A Japanese man left scarred for life when he allegedly tried to burn down an animation studio in Kyoto, killing 36 people, has been charged with murder and arson by prosecutors.

Authorities have accused Shinji Aoba, 42, of setting fire to a famed anime studio in July 2019 known for its “slice of life” television shows and movies.

Thirty-three people died on the scene of the Kyoto Animation blaze, many as they attempted to escape onto the roof. Three others died later of burns; another 33 were injured.

Many of the victims died of carbon monoxide poisoning after failing to escape, fire officials said.

Prosecutors in Kyoto said Aoba has been charged with five crimes including murder, attempted murder and arson.

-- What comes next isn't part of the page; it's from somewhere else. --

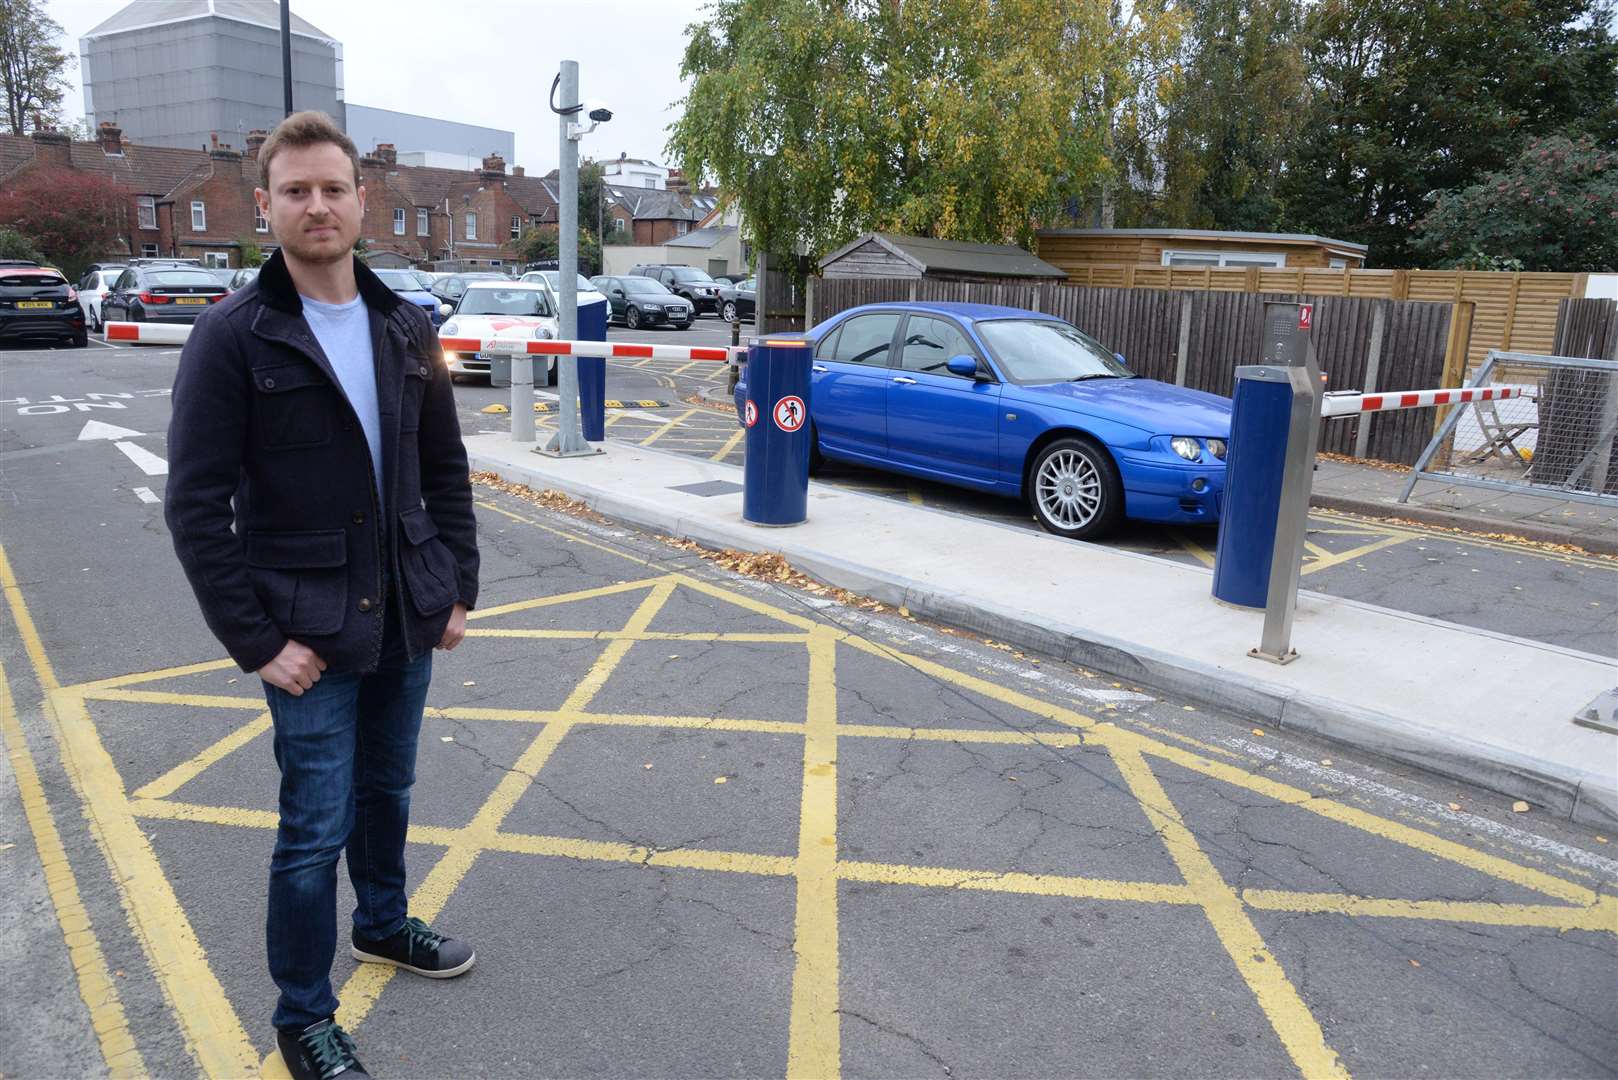 Cllr Ben-Fitter Harding and the ANPR barriers at the Pound Lane car park

Japanese public broadcaster NHK reported that doctors who had carried out a psychological evaluation for Aoba, who has a history of mental illness, found that he could be held criminally responsible.

Police only arrested him in May when he had fully recovered from his own injuries.

Officers said he purchased about 10 gallons of gasoline at a service station near the studio before the attack.

Prosecutors said Aoba screamed “Die!” as he set the building alight. He had targeted the studio because he believed that it had stolen a novel from him, according to news reports at the time.

Violence is rare in Japan, although the country occasionally experiences horrific attacks.

Kyoto Animation’s hits include the 2008 film Lucky Star, K-On! and Haruhi Suzumiya, released in 2009.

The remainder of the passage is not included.